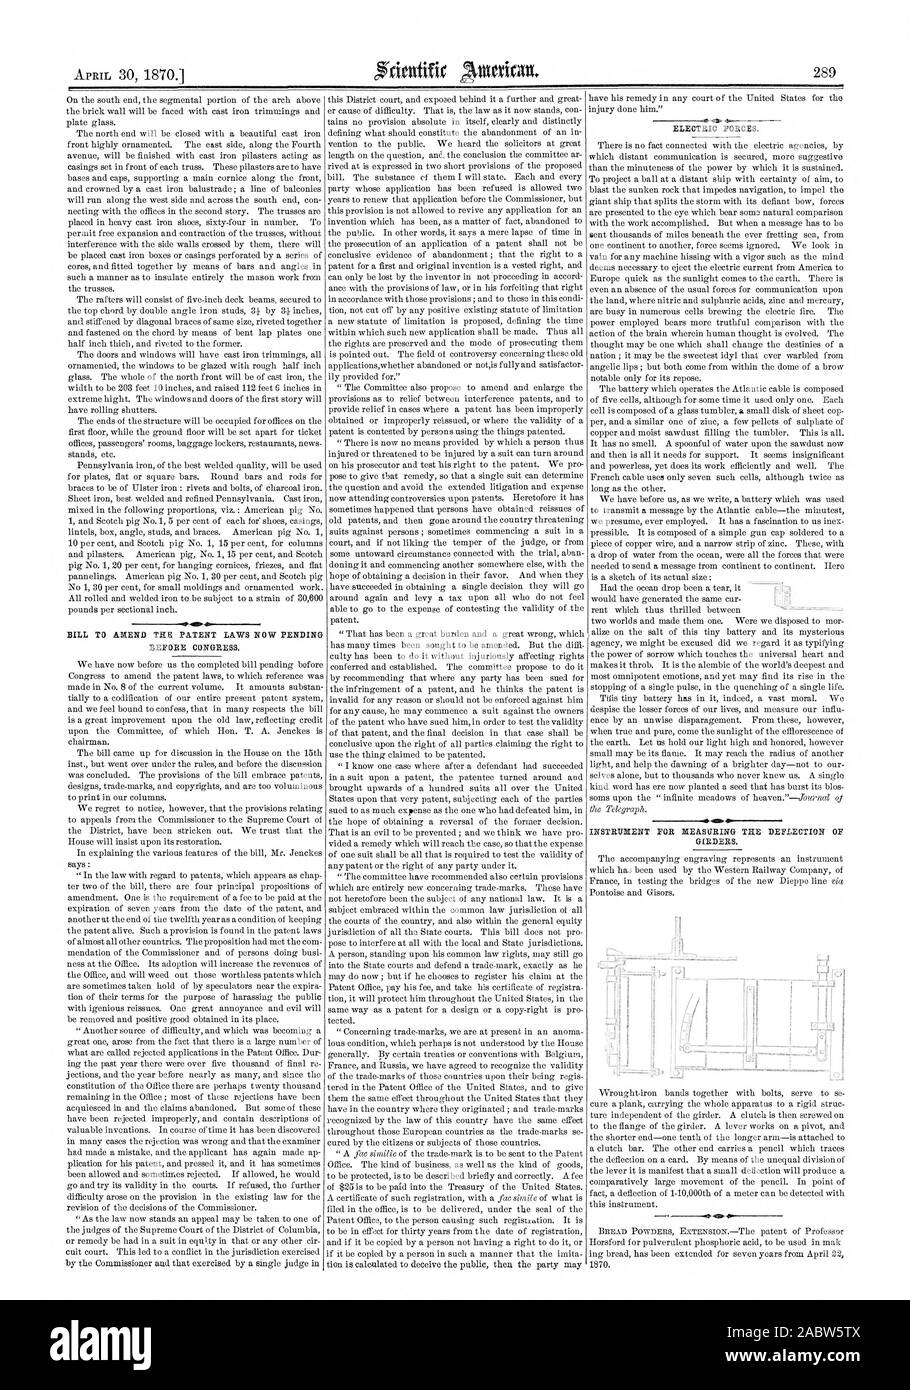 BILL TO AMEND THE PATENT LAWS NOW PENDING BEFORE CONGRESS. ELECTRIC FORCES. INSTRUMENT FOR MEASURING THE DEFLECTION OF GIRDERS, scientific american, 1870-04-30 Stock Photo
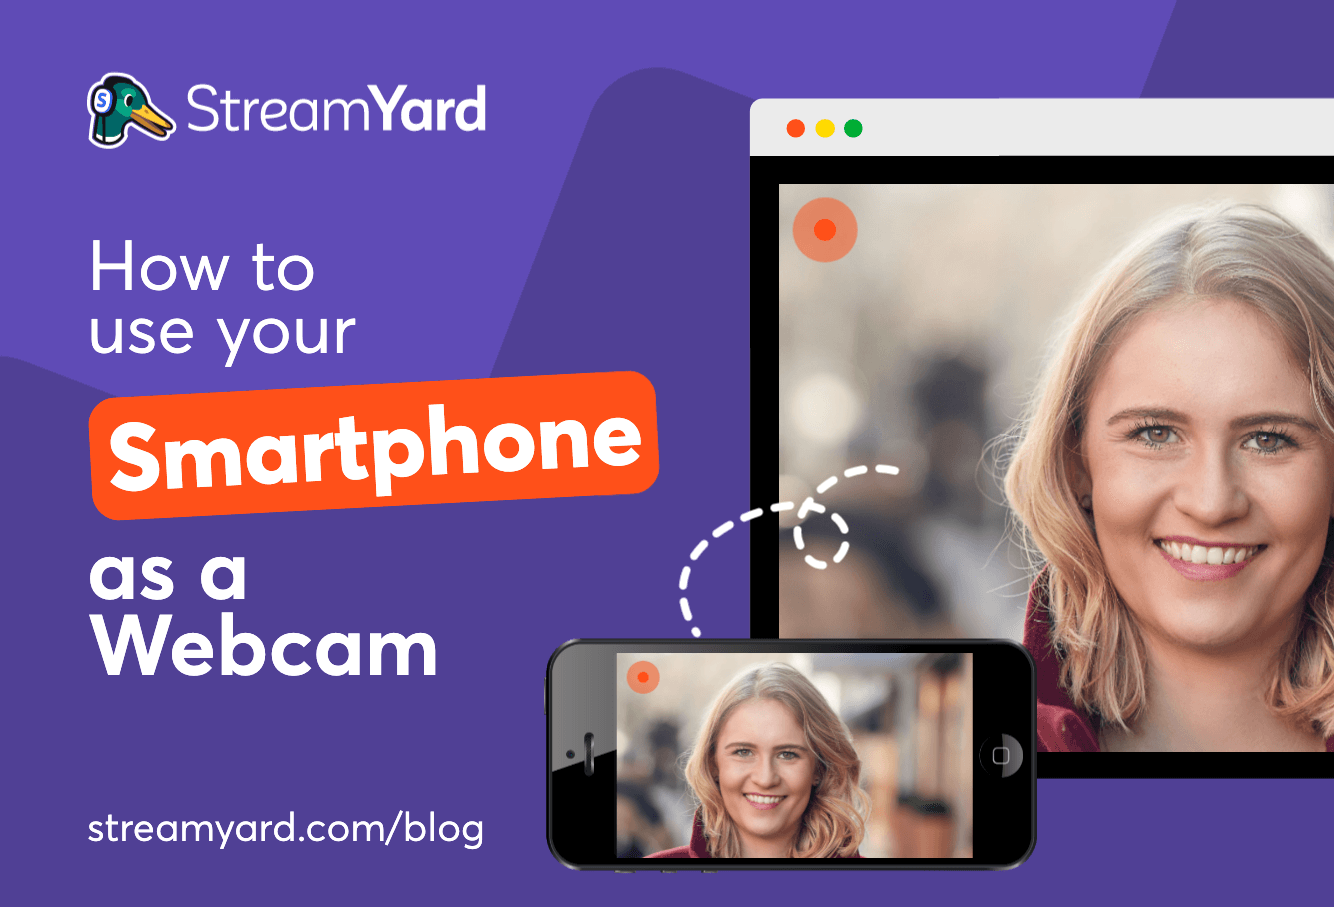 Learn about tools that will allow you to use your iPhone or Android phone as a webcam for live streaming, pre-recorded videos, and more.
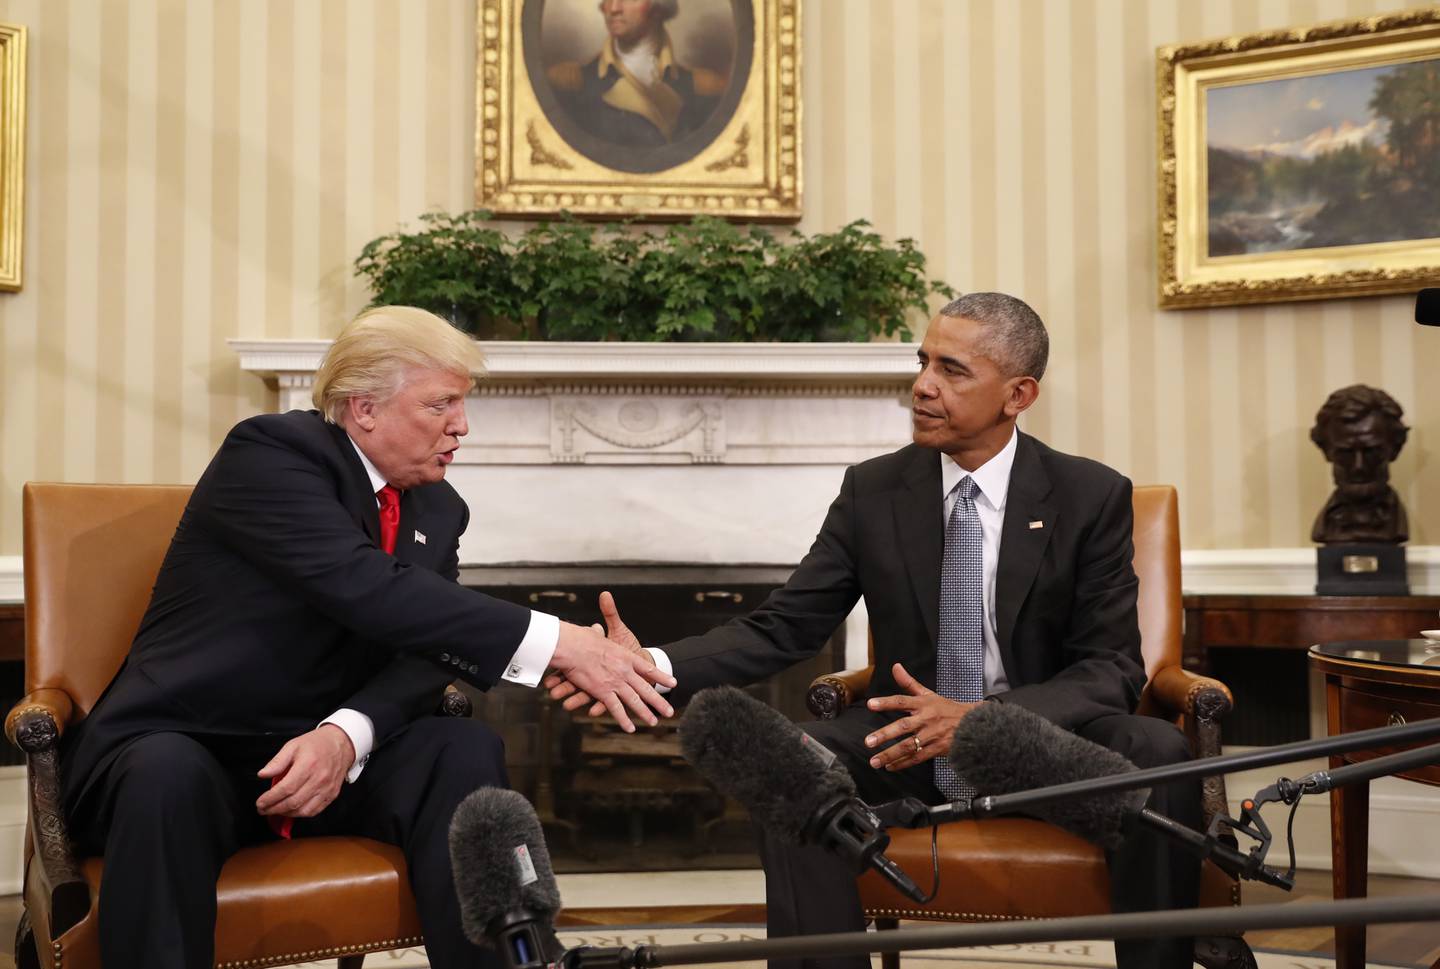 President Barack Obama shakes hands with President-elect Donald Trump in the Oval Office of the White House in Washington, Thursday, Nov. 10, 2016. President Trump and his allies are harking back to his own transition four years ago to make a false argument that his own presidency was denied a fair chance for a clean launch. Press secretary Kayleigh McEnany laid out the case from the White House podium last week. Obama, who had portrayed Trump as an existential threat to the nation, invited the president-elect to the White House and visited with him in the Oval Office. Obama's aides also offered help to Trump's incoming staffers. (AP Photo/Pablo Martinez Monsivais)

• _What is being asked_
If the material above contains pictures, exclude them from an otherwise exact transcription.

• _Result for this task_
 BILL TO AMEND THE PATENT LAWS NOW PENDING BEFORE CONGRESS. ELECTRIC FORCES. INSTRUMENT FOR MEASURING THE DEFLECTION OF GIRDERS, scientific american, 1870-04-30 Stock Photo
 Learn about tools that will allow you to use your iPhone or Android phone as a webcam for live streaming, pre-recorded videos, and more.
 President Barack Obama shakes hands with President-elect Donald Trump in the Oval Office of the White House in Washington, Thursday, Nov. 10, 2016. President Trump and his allies are harking back to his own transition four years ago to make a false argument that his own presidency was denied a fair chance for a clean launch. Press secretary Kayleigh McEnany laid out the case from the White House podium last week. Obama, who had portrayed Trump as an existential threat to the nation, invited the president-elect to the White House and visited with him in the Oval Office. Obama's aides also offered help to Trump's incoming staffers. (AP Photo/Pablo Martinez Monsivais)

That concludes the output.